Since for the last epoch (pass through the entire dataset) ,all examples were classified correctly, we terminate the learning process.The final weights are 0.7 and 0.7 .

# Gradient update rule

**The perceptron training algorithm is in fact a simple gradient descent update. In this question, you will derive
this algorithm.**

**The approach for training a perceptron here is to minimize a squared error function.**

* Give the definition of a squared error function, E, in terms of W1, W2, Xi1 ,Xi2 and Zi.  
* Each weight should now be updated by taking a small step in the opposite direction of its gradient (so as to
minimize the error):  

W' = W − η∇E(W)  

**Show how this translates into the algorithm that you applied in the previous question.**

$$ 
Squared\ error = \frac{1}{2}\sum_i E_i ^2   
= \frac{1}{2}\sum_i(Z_i - (-0.5 + W_1 X_{i1} + W_2 X_{i2}))^2
$$

We take the gradient of the cost function with respect to the parameters W1,W2  

$$
\frac{dE}{dW_1} = ( (Z_i − (−0.5 + W_1 X_{i1} + W_2 X_{i2}))(−X_{i1}) = −E_i X_{i1})
$$  

$$
\frac{dE}{dW_2} = ( (Z_i − (−0.5 + W_1 X_{i1} + W_2 X_{i2}))(−X_{i2}) = −E_i X_{i2})
$$


The gradient descent update rule for W_1 and W_2 becomes:  

$$
W_1 = W_1 + η E_i X_{i1} = W_1 + η (Z_i -Y_i) X_{i1}
$$  
$$
W_2 = W_2 + η E_i X_{i2} = W_2 + η (Z_i -Y_i) X_{i2}
$$  

Which is the same as the perceptron update pule if we remember that this correction takes place for any weight for which the
input in the example was non-zero.

# Noisy examples

**In practice, the training example may be noisy.
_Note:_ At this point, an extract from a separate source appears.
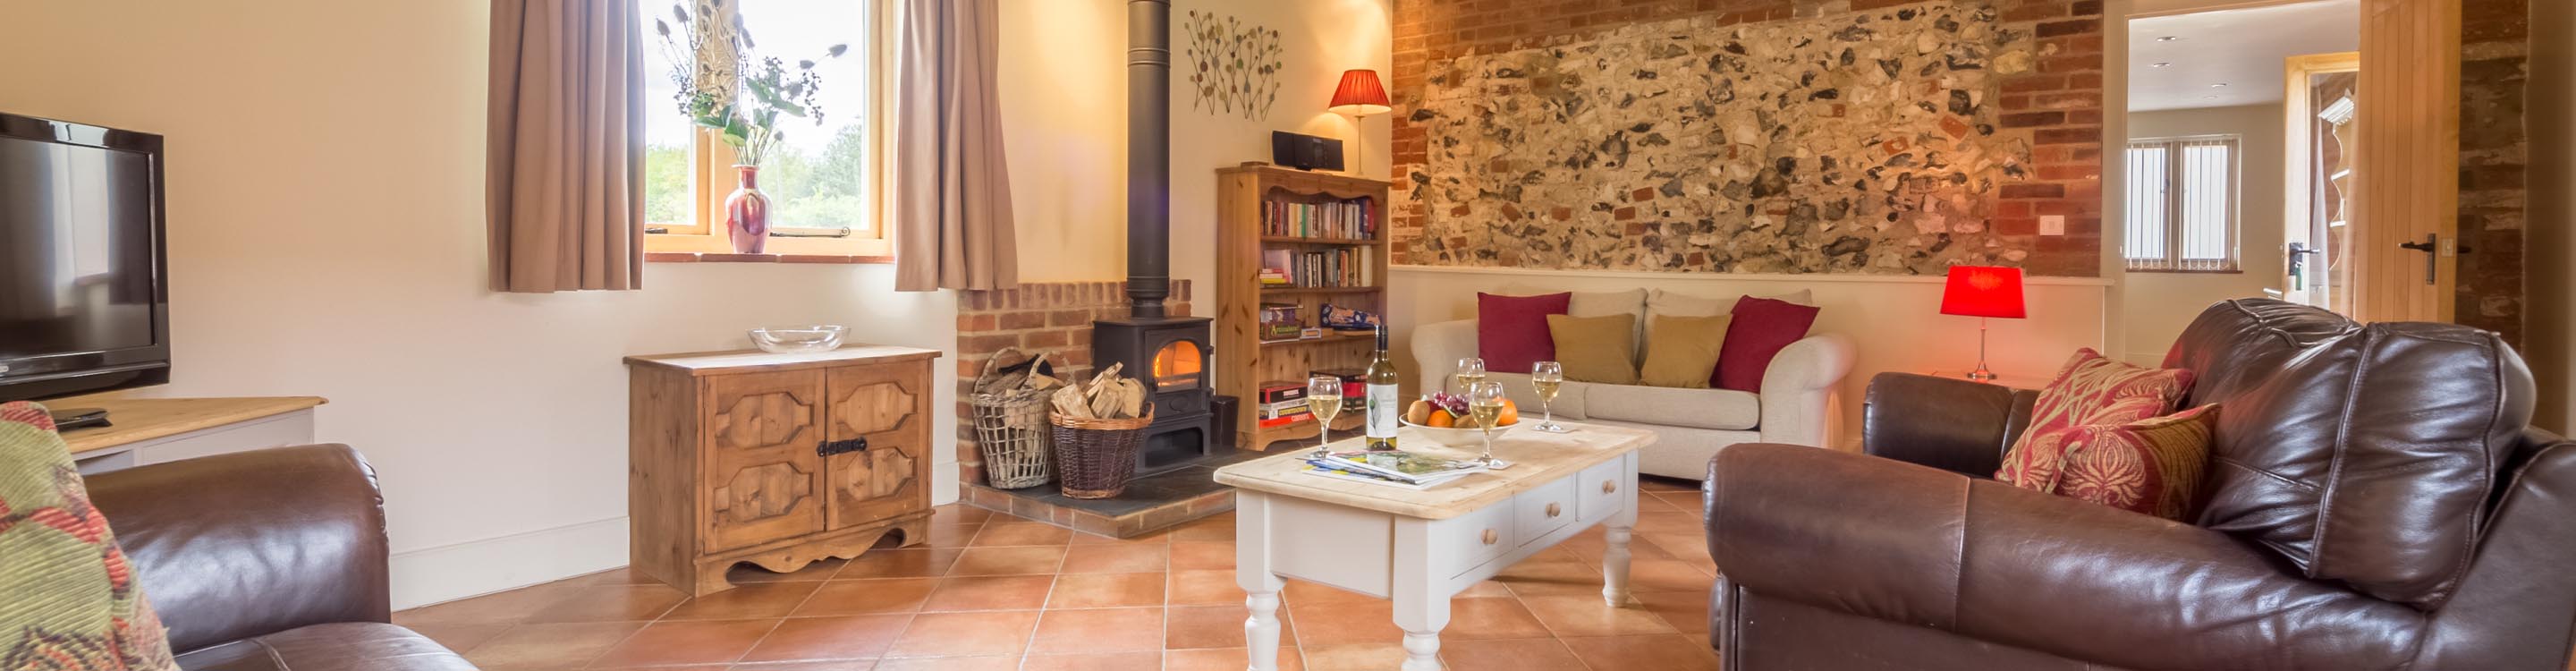 Self-Catering and Luxury Bed & Breakfast Accommodation in Norfolk
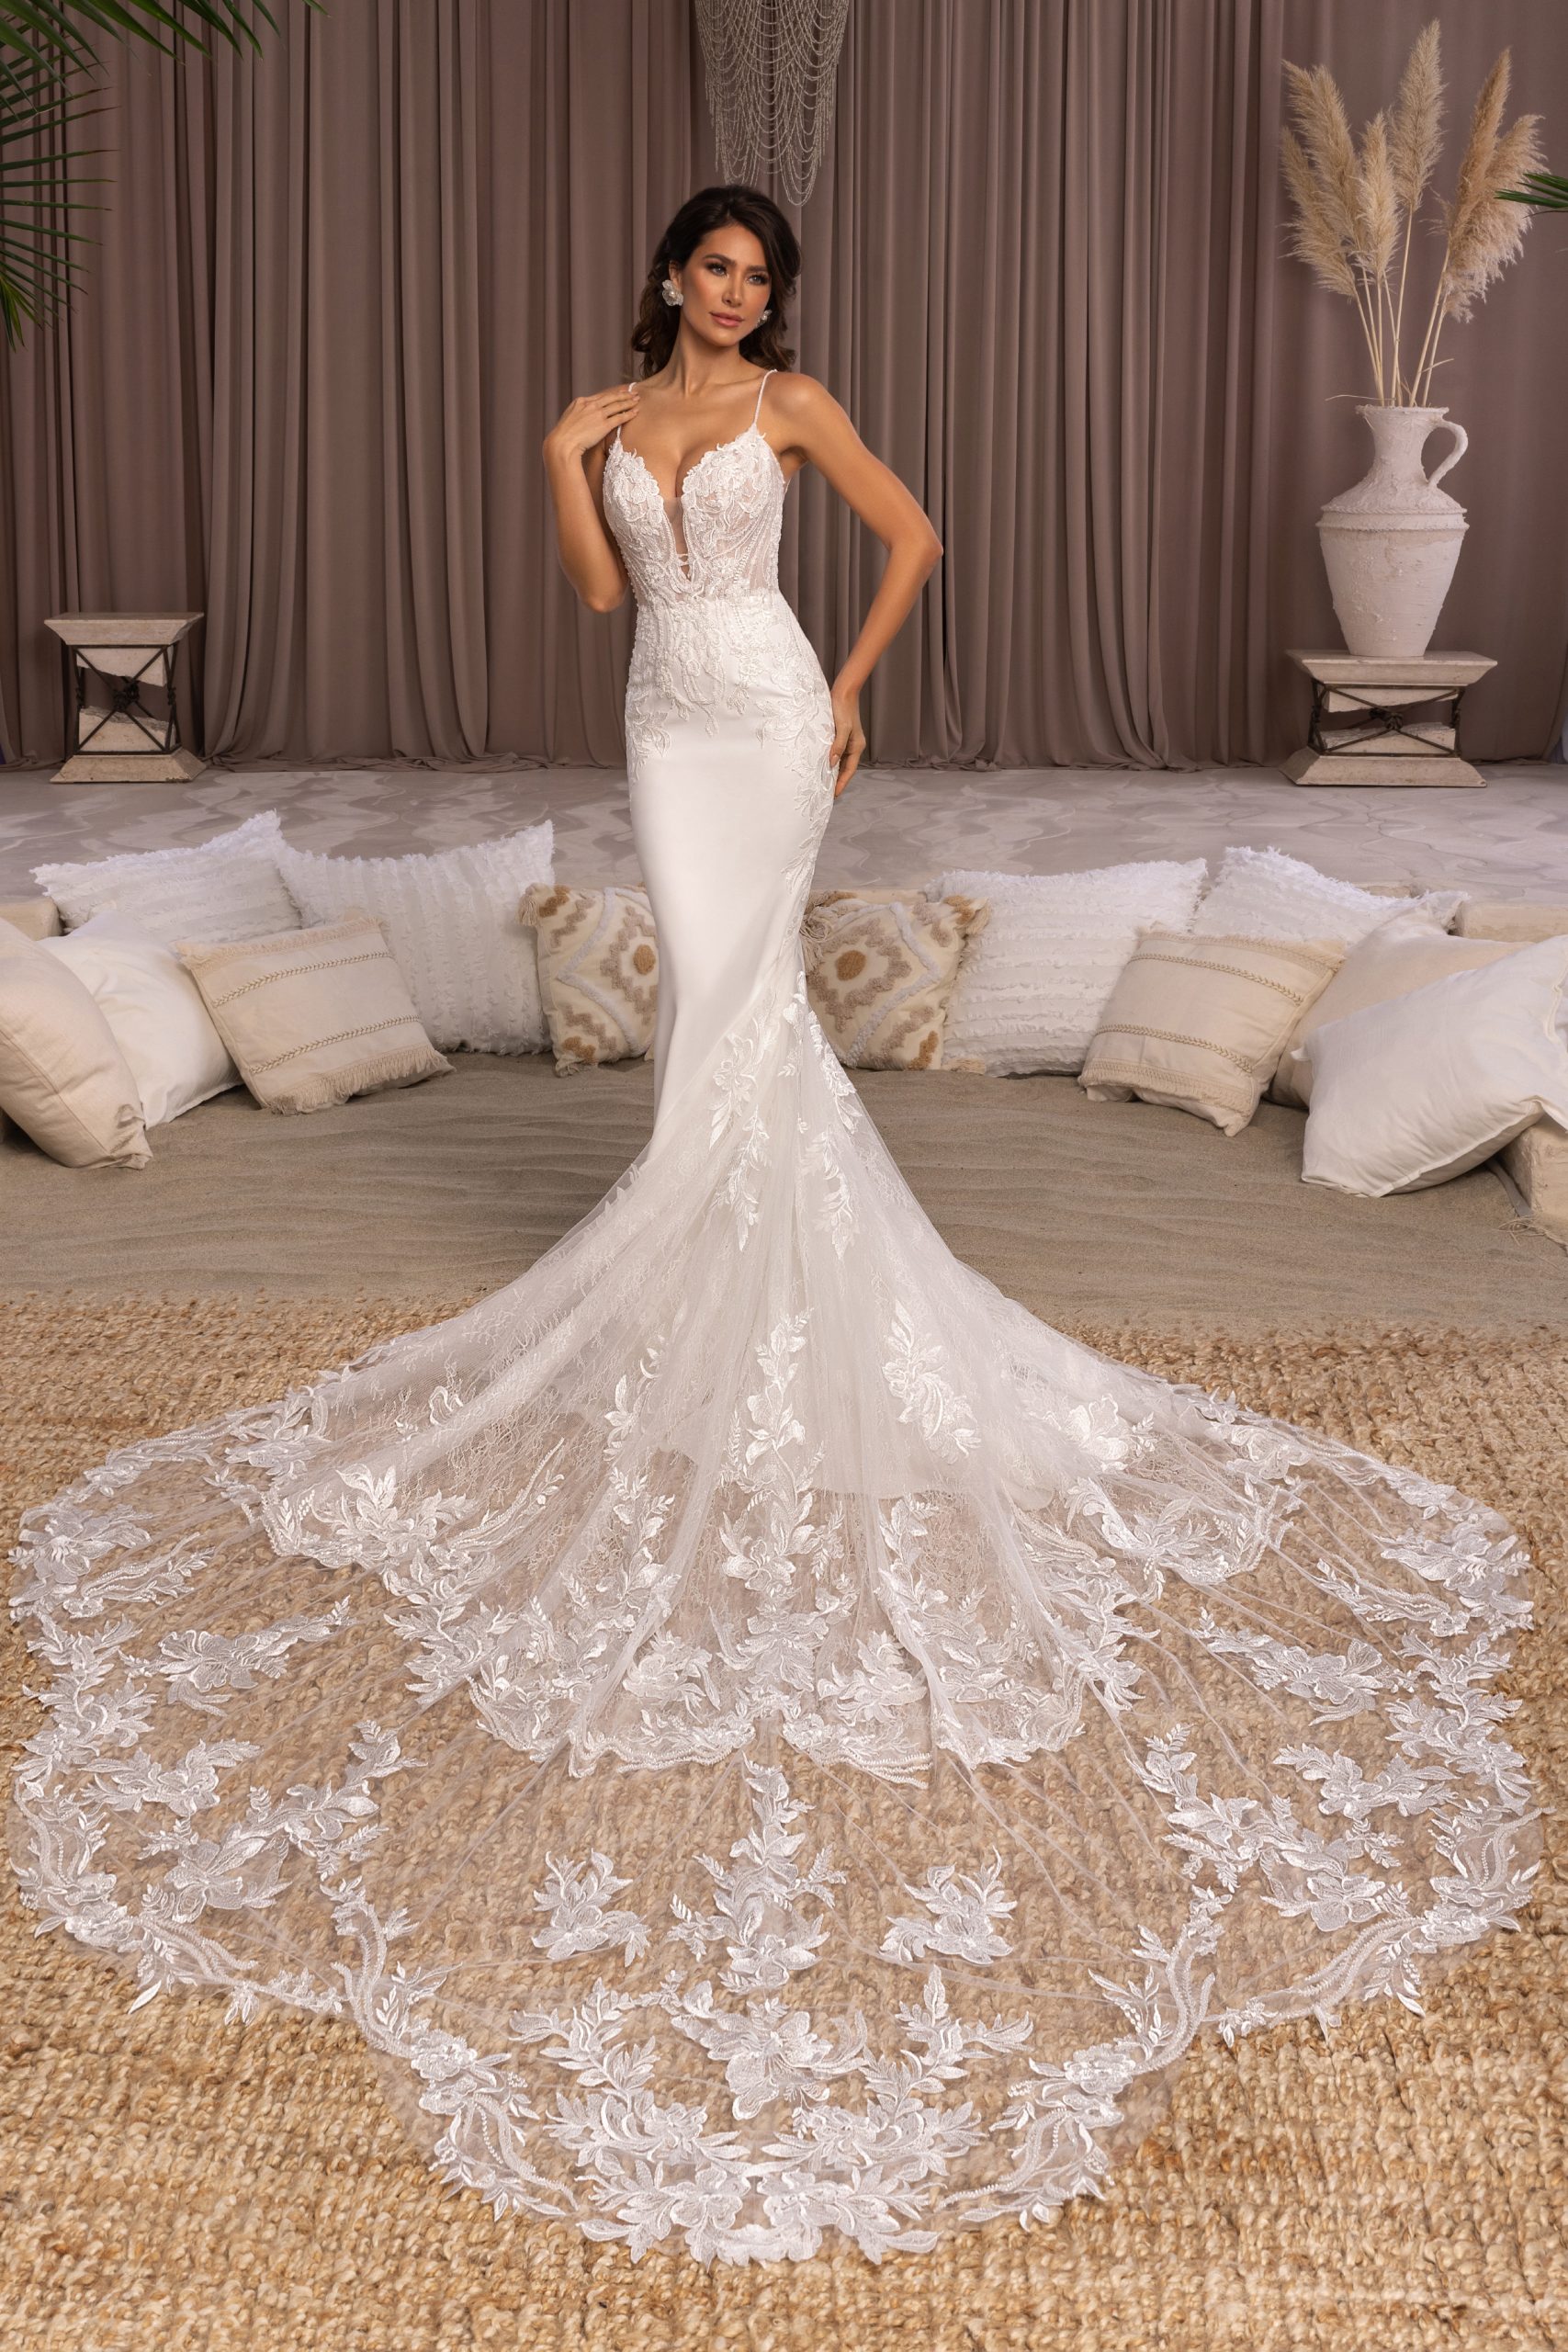 BLAKELY – Wedding Dresses, Bridal Gowns

Suppose that there are contradicting examples in the training
set: for example, an additional example, where X1 = 1, X2 = 1, Z = 0. How do you think this will affect the
algorithm’s behavior? (you are welcome to go ahead and try).**

Such contradicting examples make it so that the examples are not linearly seperable and since the single layer perceptron is only capable of seperating linearly seperable cases,the algorithm will not converge but run indefinitelly.